### Data section

· · · · ·

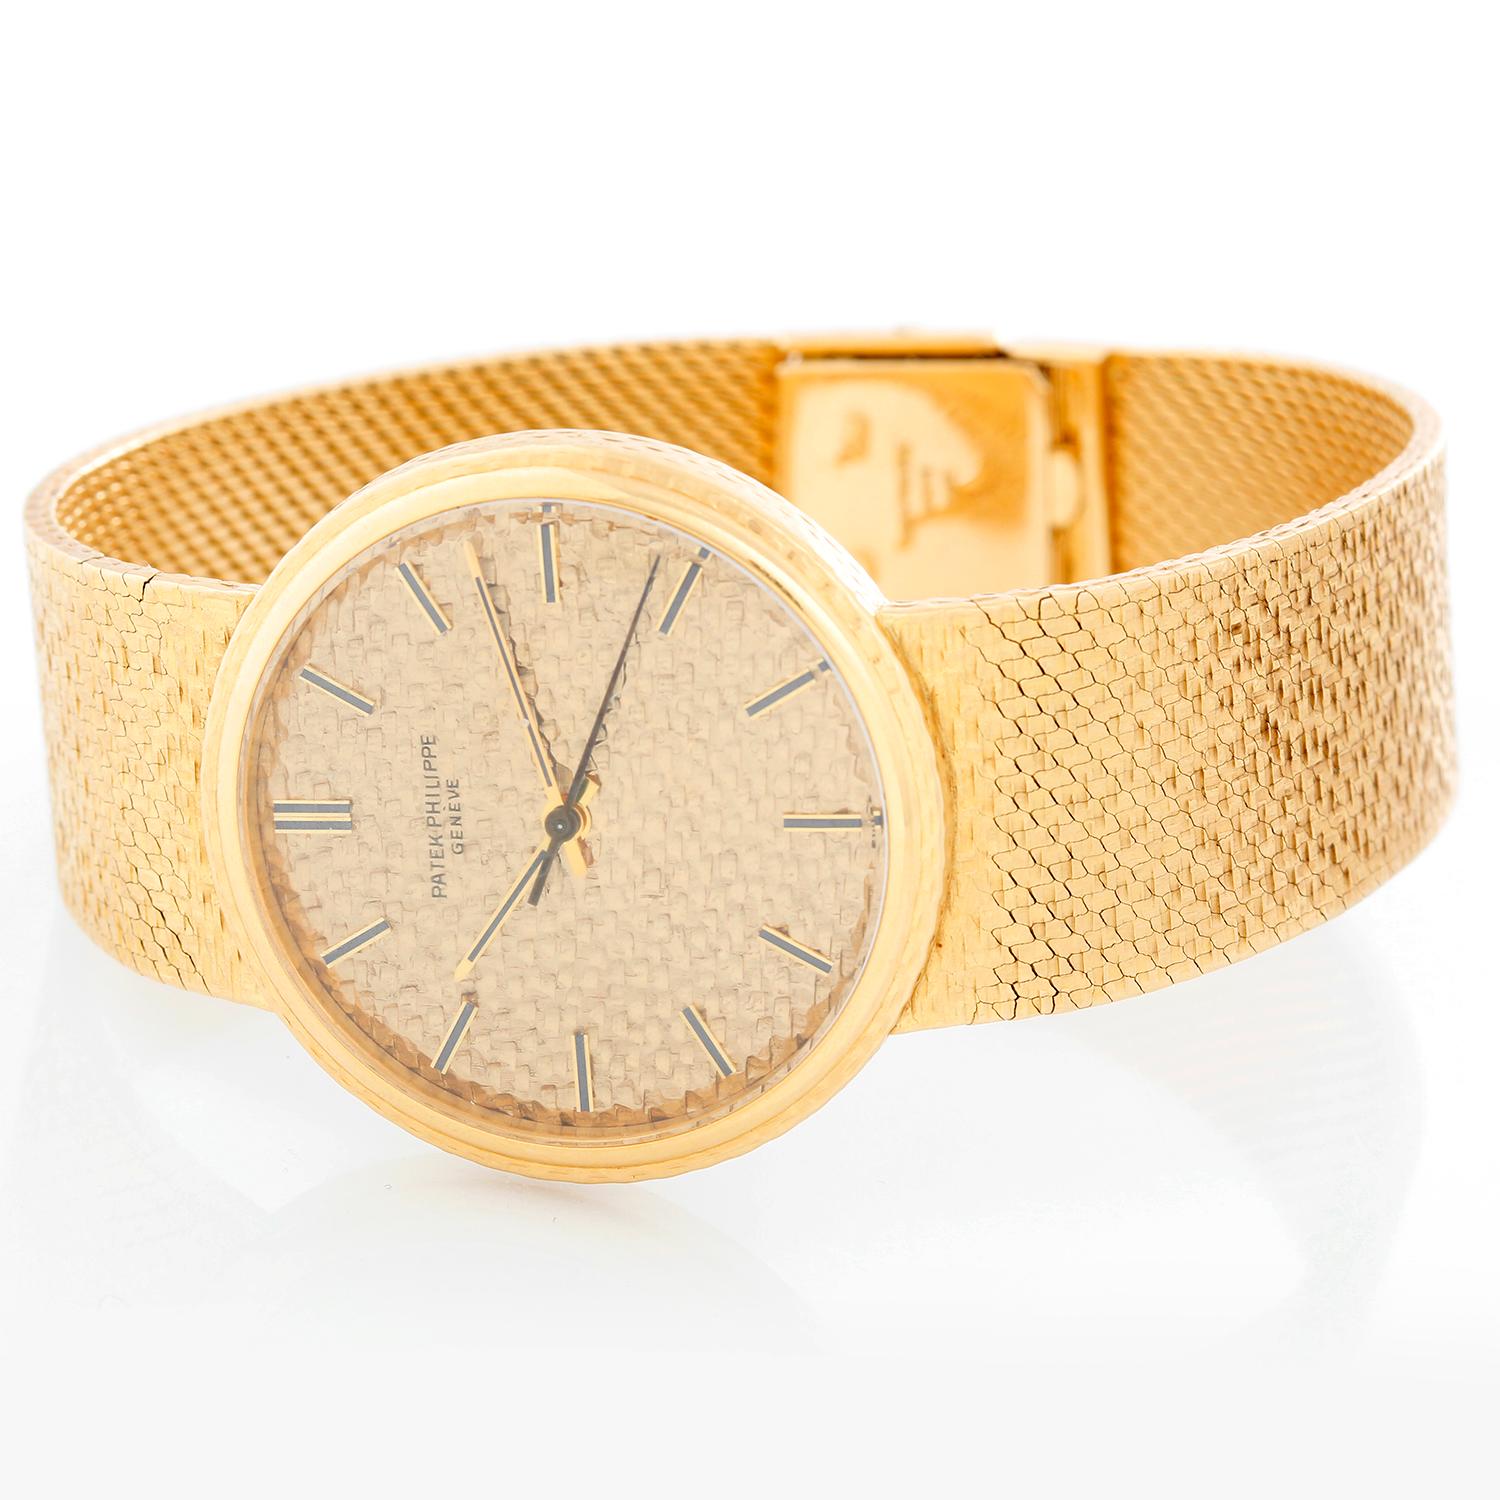 Patek Philippe & Co. 18K Yellow Gold Calatrava 3563 / 002 J - Manual. 18K Yellow Gold textured with smooth bezel ( 34 mm). Gold textured dial with yellow gold hour markers. 19K Yellow Gold Patek Philippe bracelet; will fit up to a 7 3/4 inch wrist .
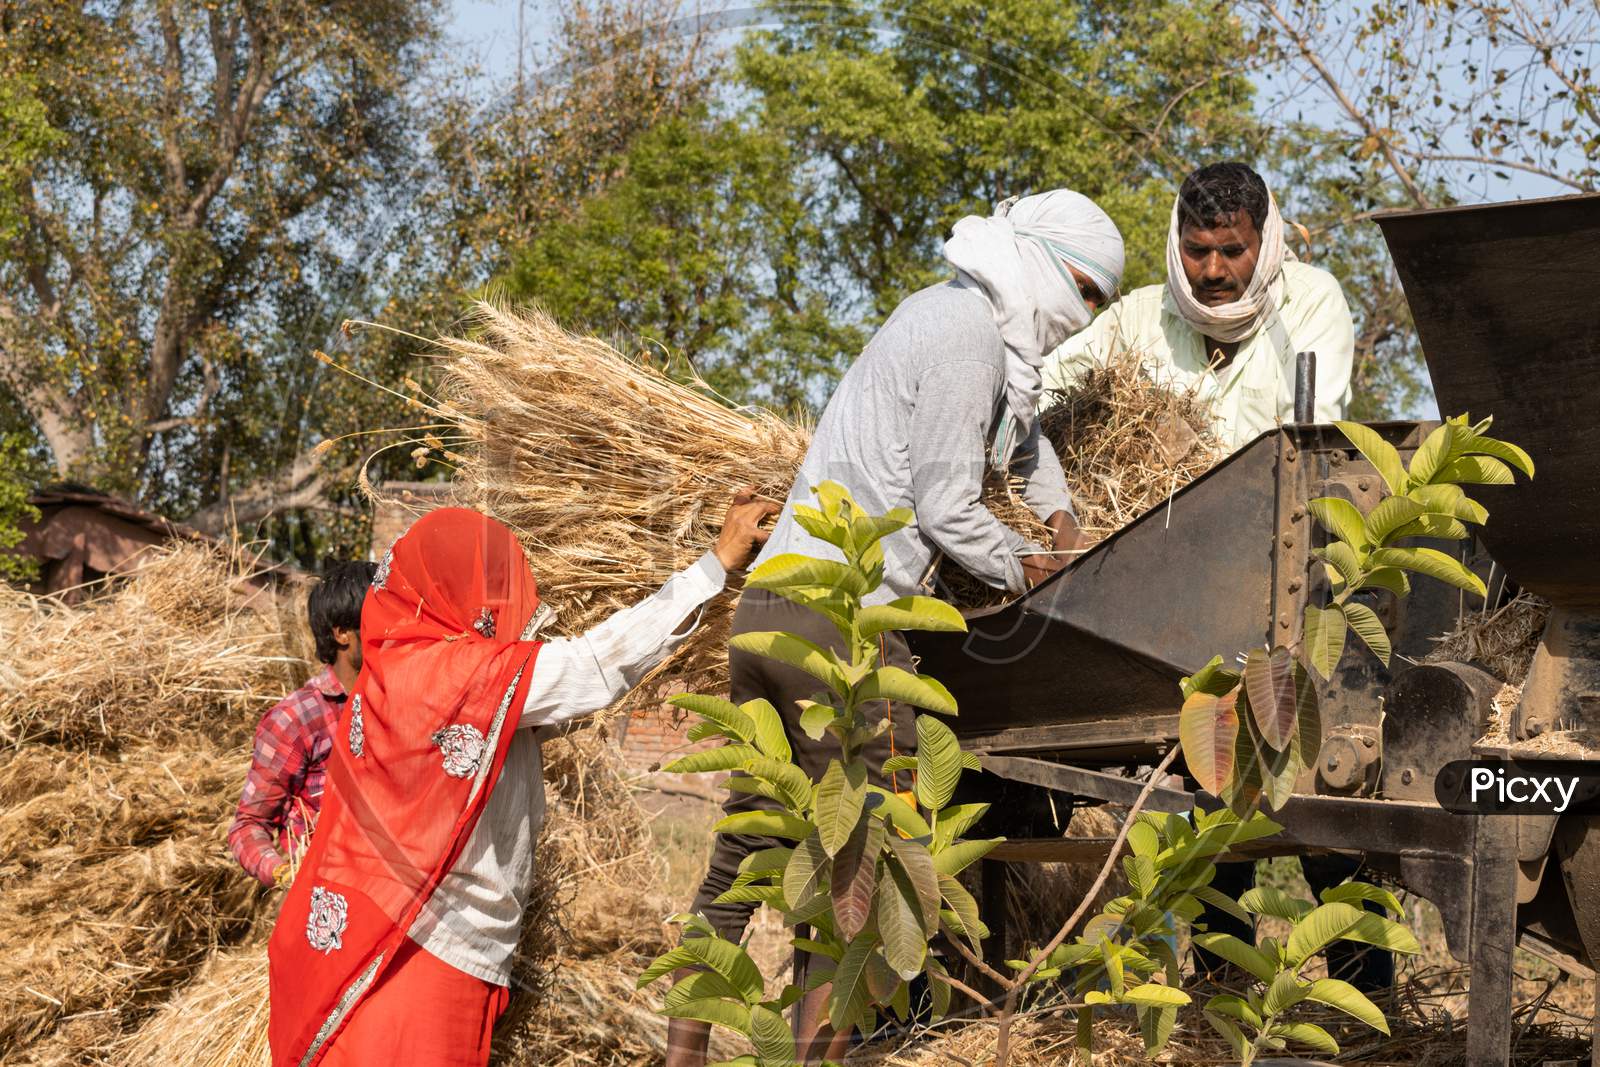 Indian Farmers in a village use threshing machine after harvesting of wheat crop
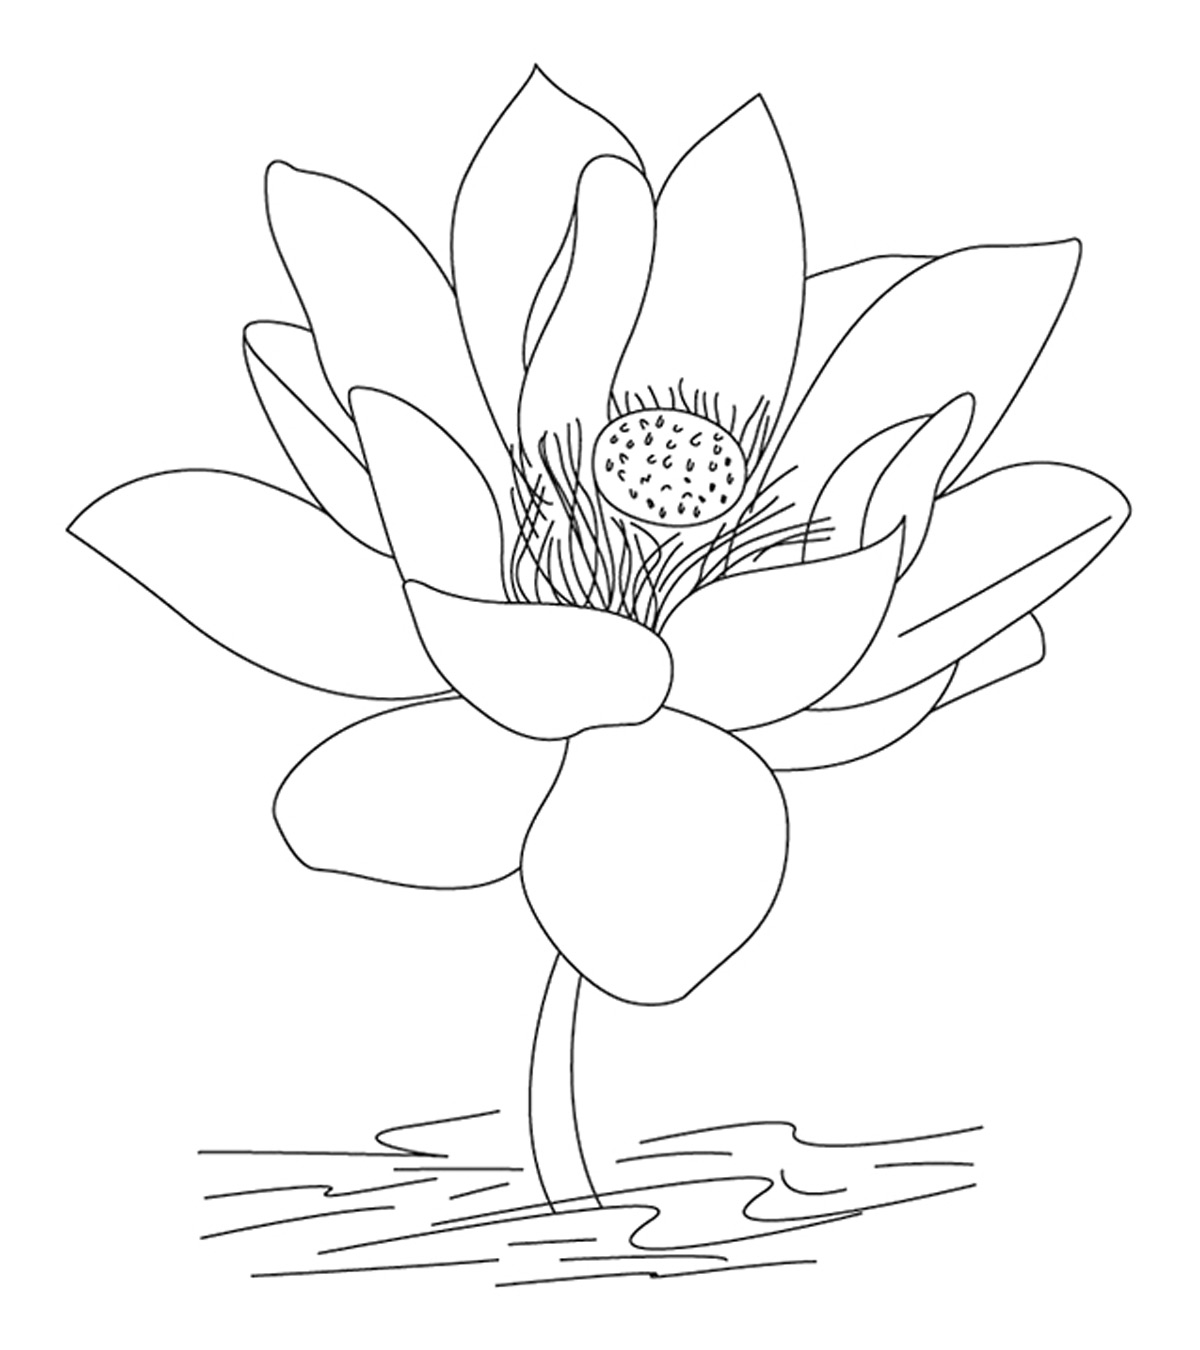 Download Countries Coloring Pages - MomJunction
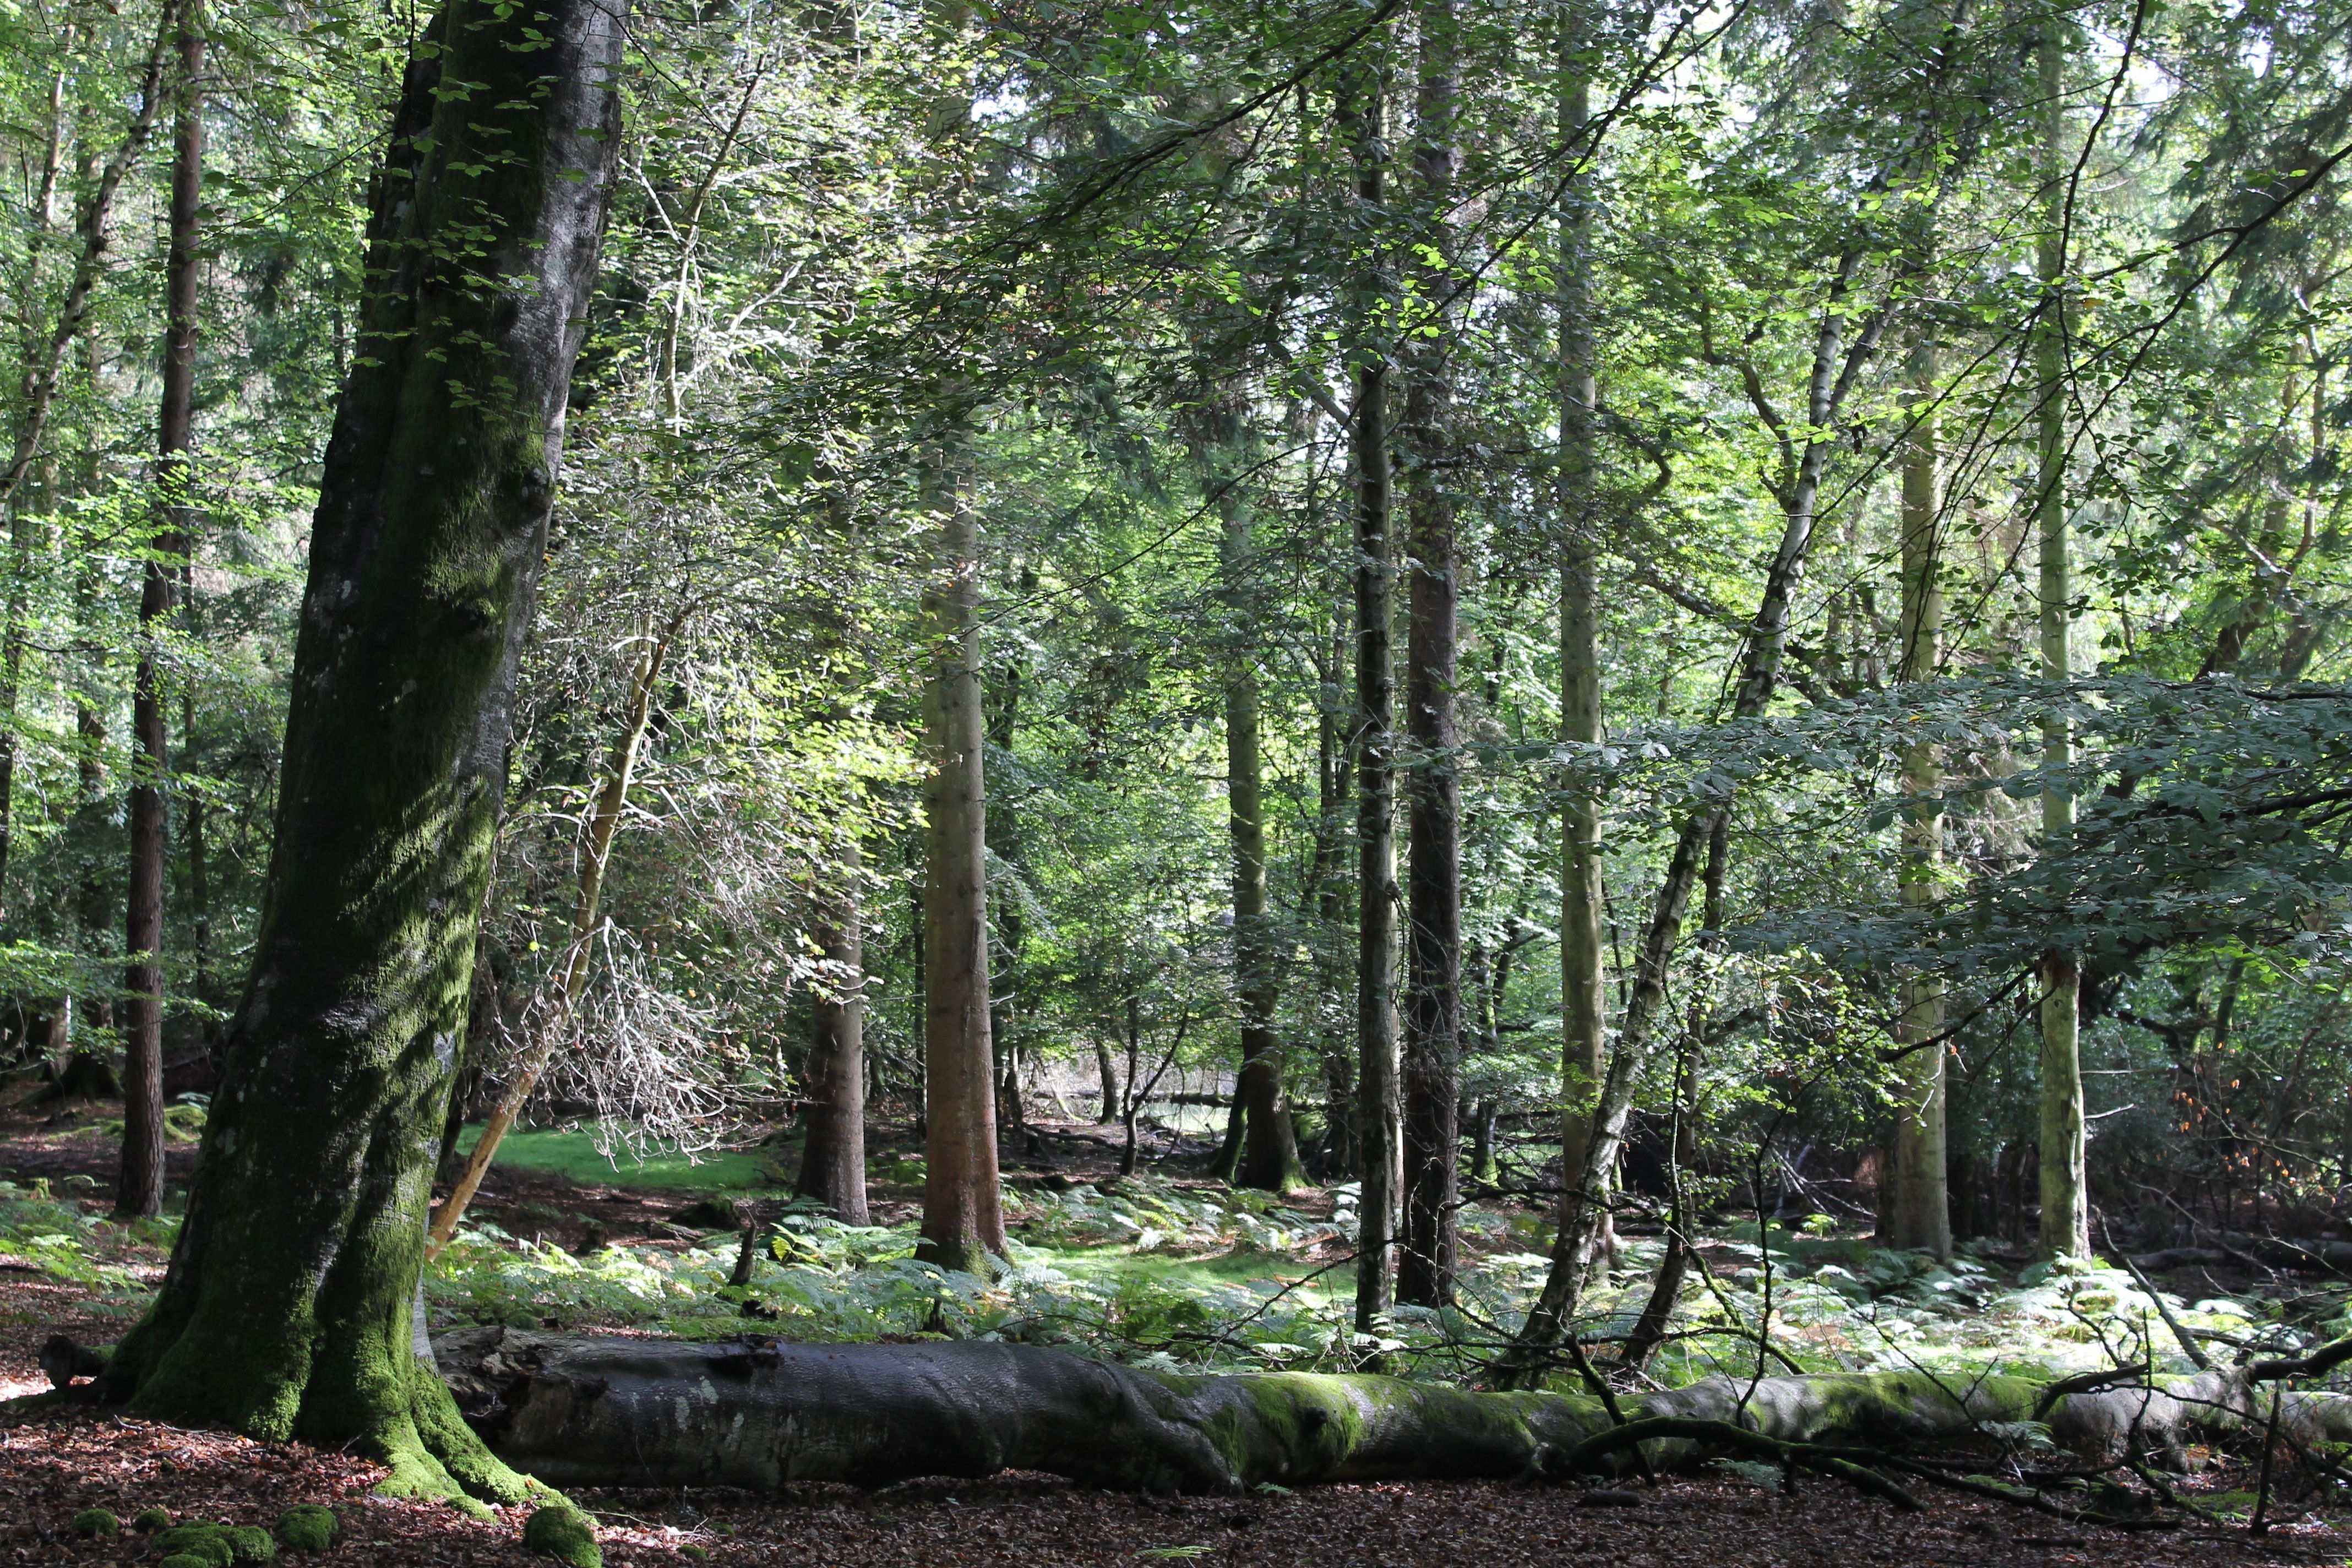 In medieval times a forest meant an area preserved for royal hunting, and not a wooded area as it does today.

· · · · ·

### What the exercise asks
The answer should contain all the material above, copied exactly, and no images.

### Solution
 Patek Philippe & Co. 18K Yellow Gold Calatrava 3563 / 002 J - Manual. 18K Yellow Gold textured with smooth bezel ( 34 mm). Gold textured dial with yellow gold hour markers. 19K Yellow Gold Patek Philippe bracelet; will fit up to a 7 3/4 inch wrist .
 Indian Farmers in a village use threshing machine after harvesting of wheat crop
 Download Countries Coloring Pages - MomJunction
 In medieval times a forest meant an area preserved for royal hunting, and not a wooded area as it does today.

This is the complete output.